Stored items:
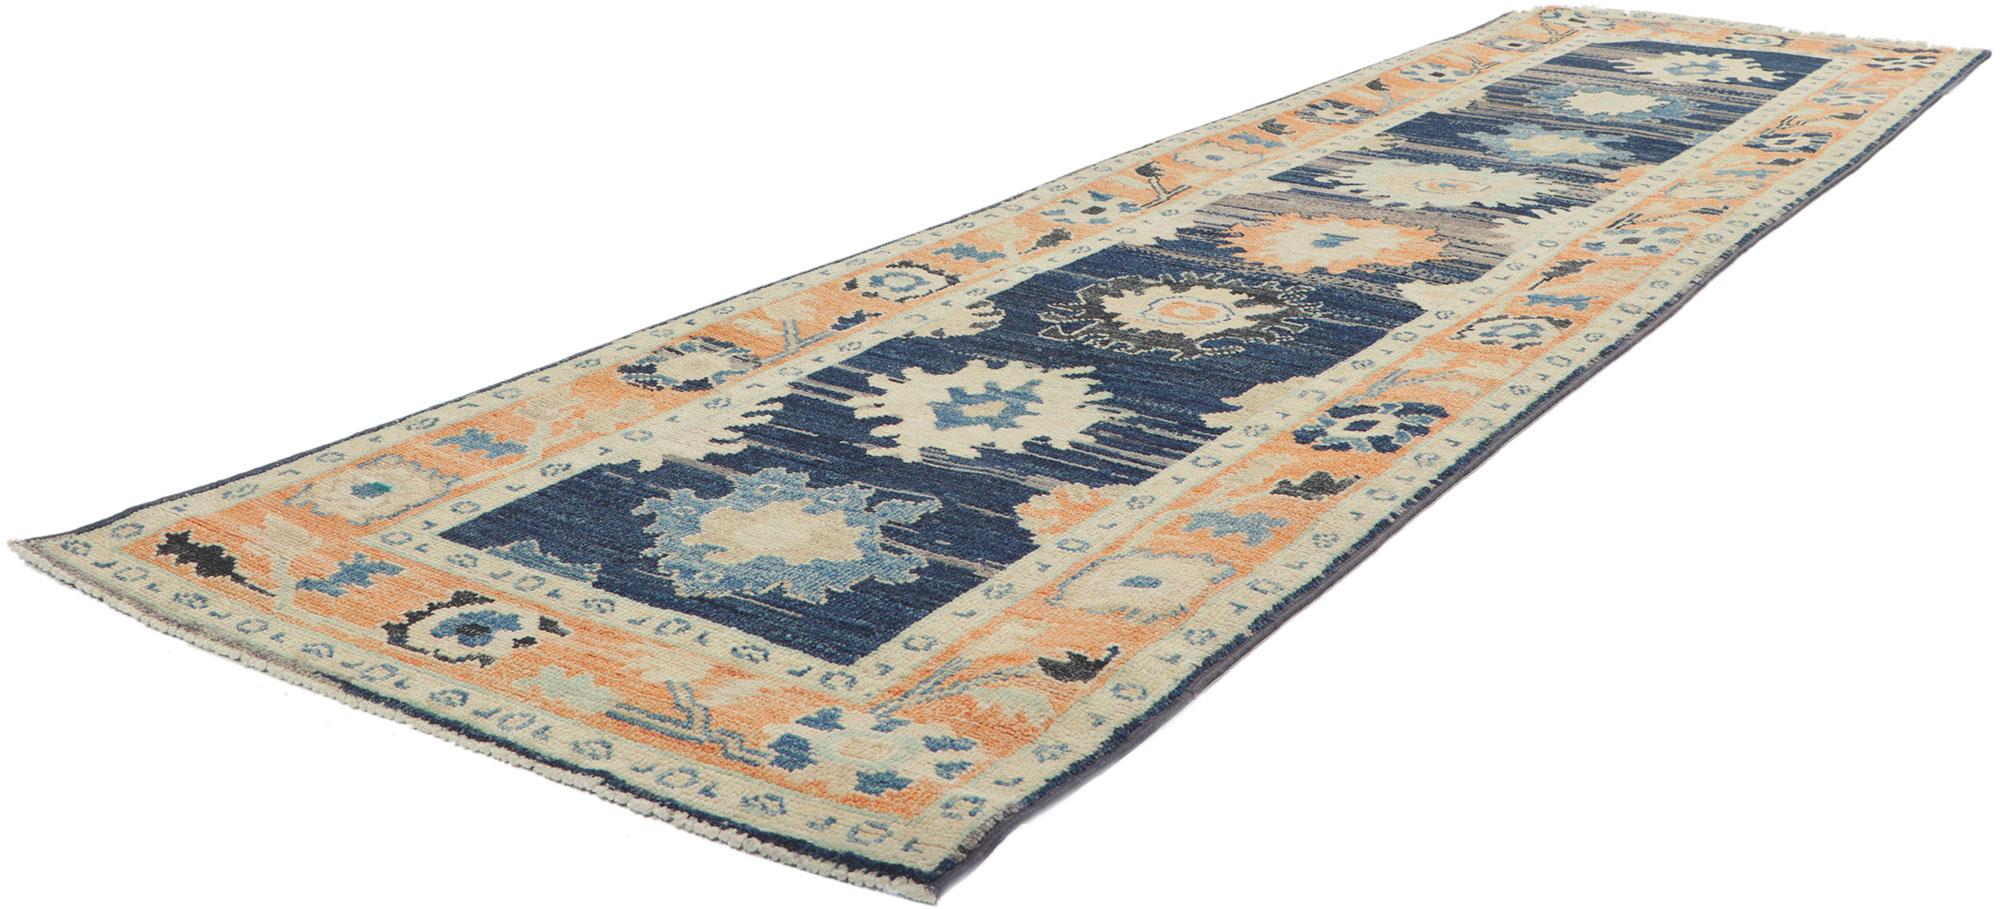 80830 new colorful Oushak runner, 02'05 x 09'04.
With its modern style, incredible detail and texture, this hand knotted wool colorful Oushak runner is a captivating vision of woven beauty. The eye-catching geometric design and lively colors woven
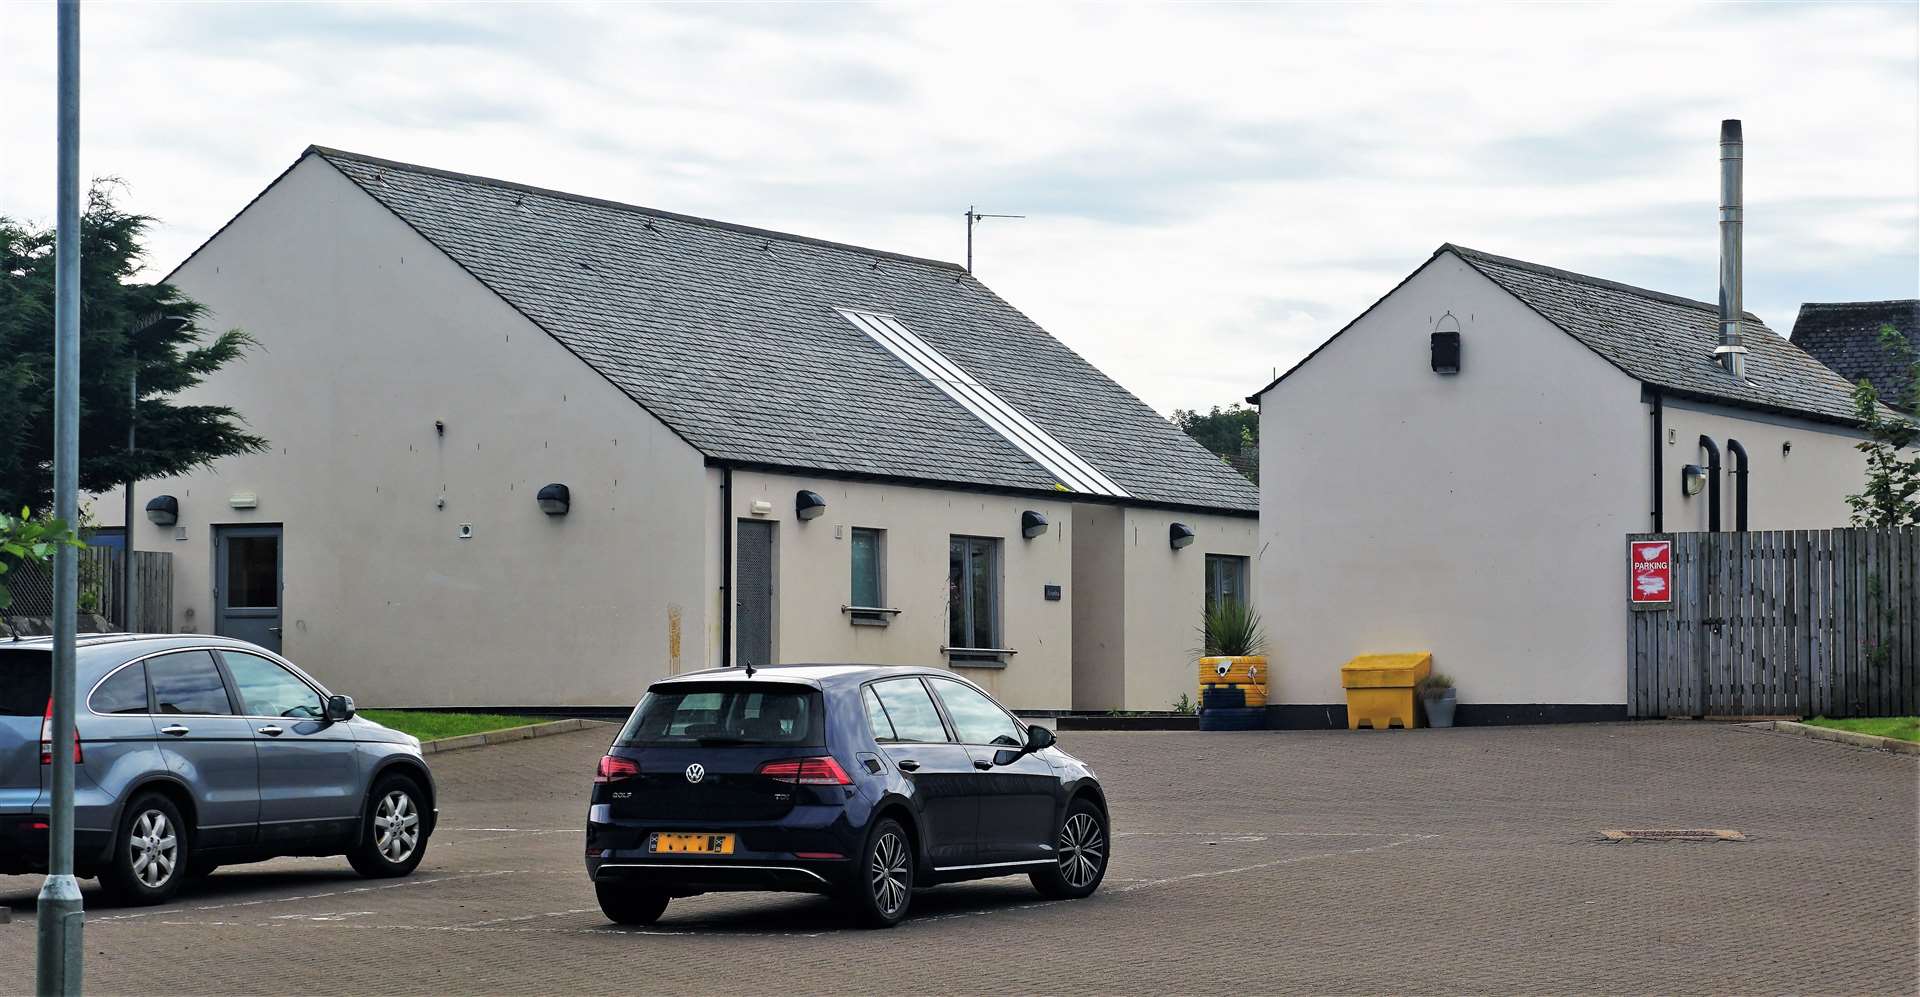 Avonlea care home in Wick is now closed.
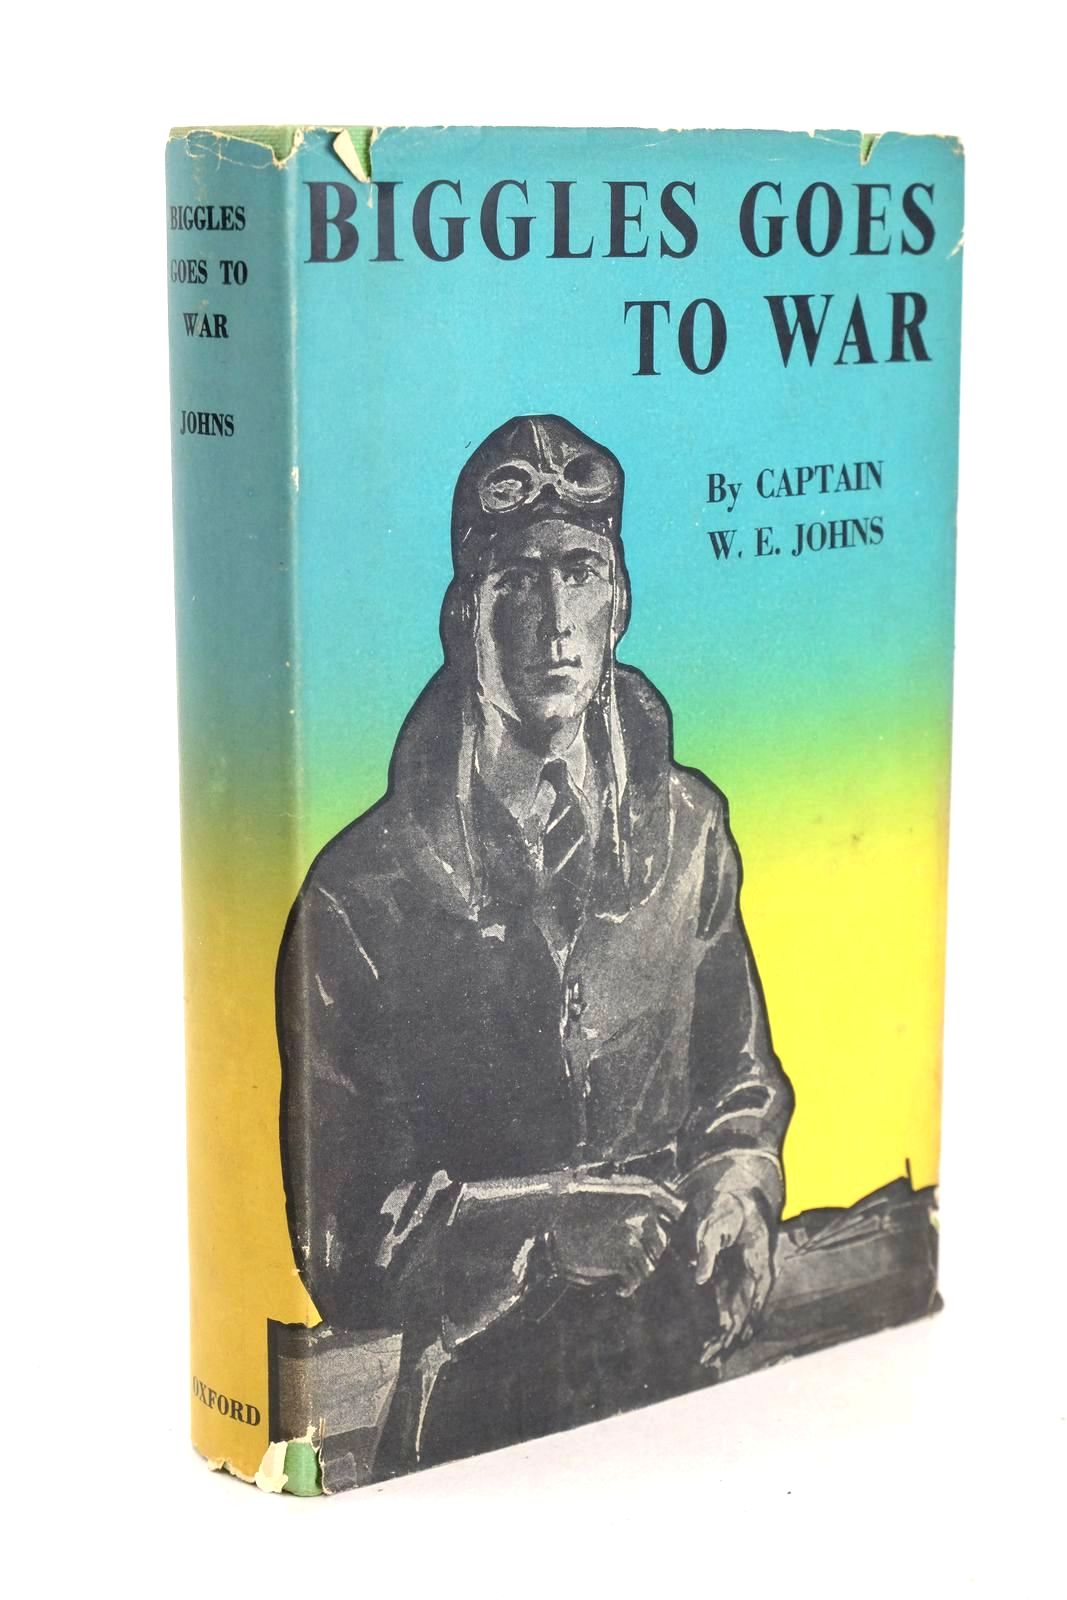 Photo of BIGGLES GOES TO WAR written by Johns, W.E. illustrated by Tyas, Martin published by Oxford University Press, Geoffrey Cumberlege (STOCK CODE: 1326223)  for sale by Stella & Rose's Books
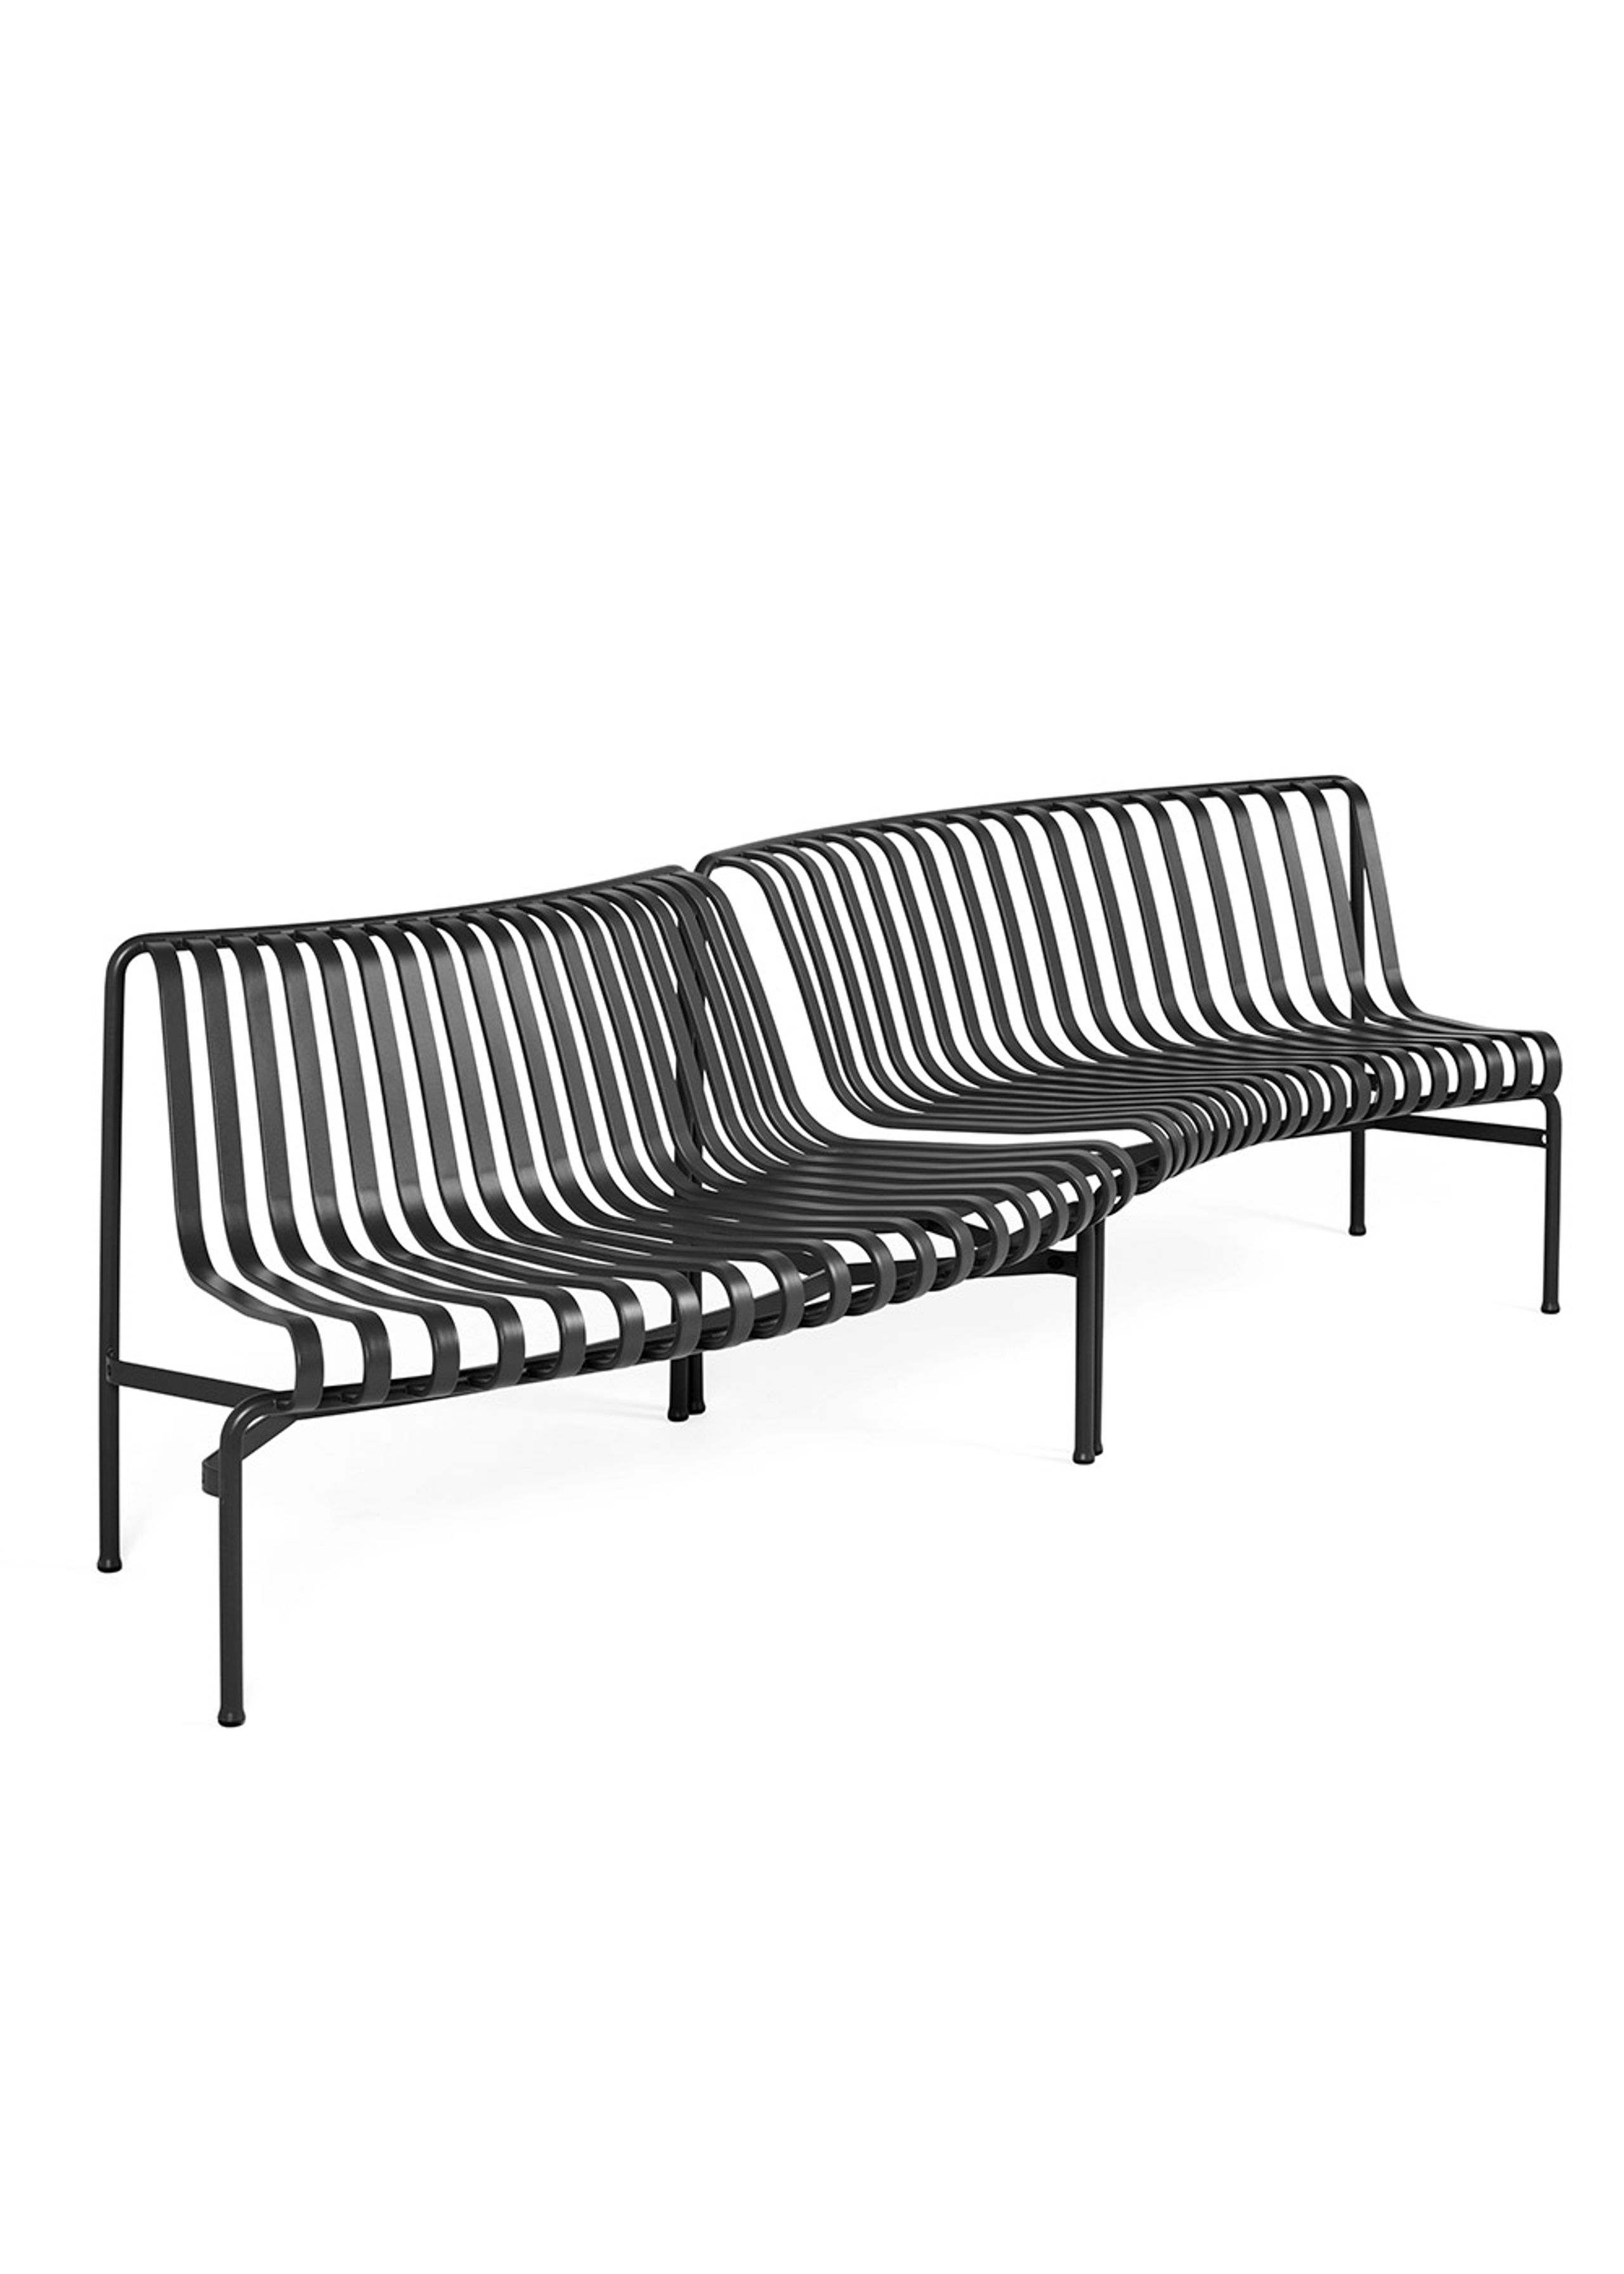 HAY - Palissade park dining bench in-out - Gartenbank - Anthracite

Task item => The records above are to be restated word for word, excluding all pictures.

Finished exercise =>
 80830 new colorful Oushak runner, 02'05 x 09'04.
With its modern style, incredible detail and texture, this hand knotted wool colorful Oushak runner is a captivating vision of woven beauty. The eye-catching geometric design and lively colors woven
 Avonlea care home in Wick is now closed.
 Photo of BIGGLES GOES TO WAR written by Johns, W.E. illustrated by Tyas, Martin published by Oxford University Press, Geoffrey Cumberlege (STOCK CODE: 1326223)  for sale by Stella & Rose's Books
 HAY - Palissade park dining bench in-out - Gartenbank - Anthracite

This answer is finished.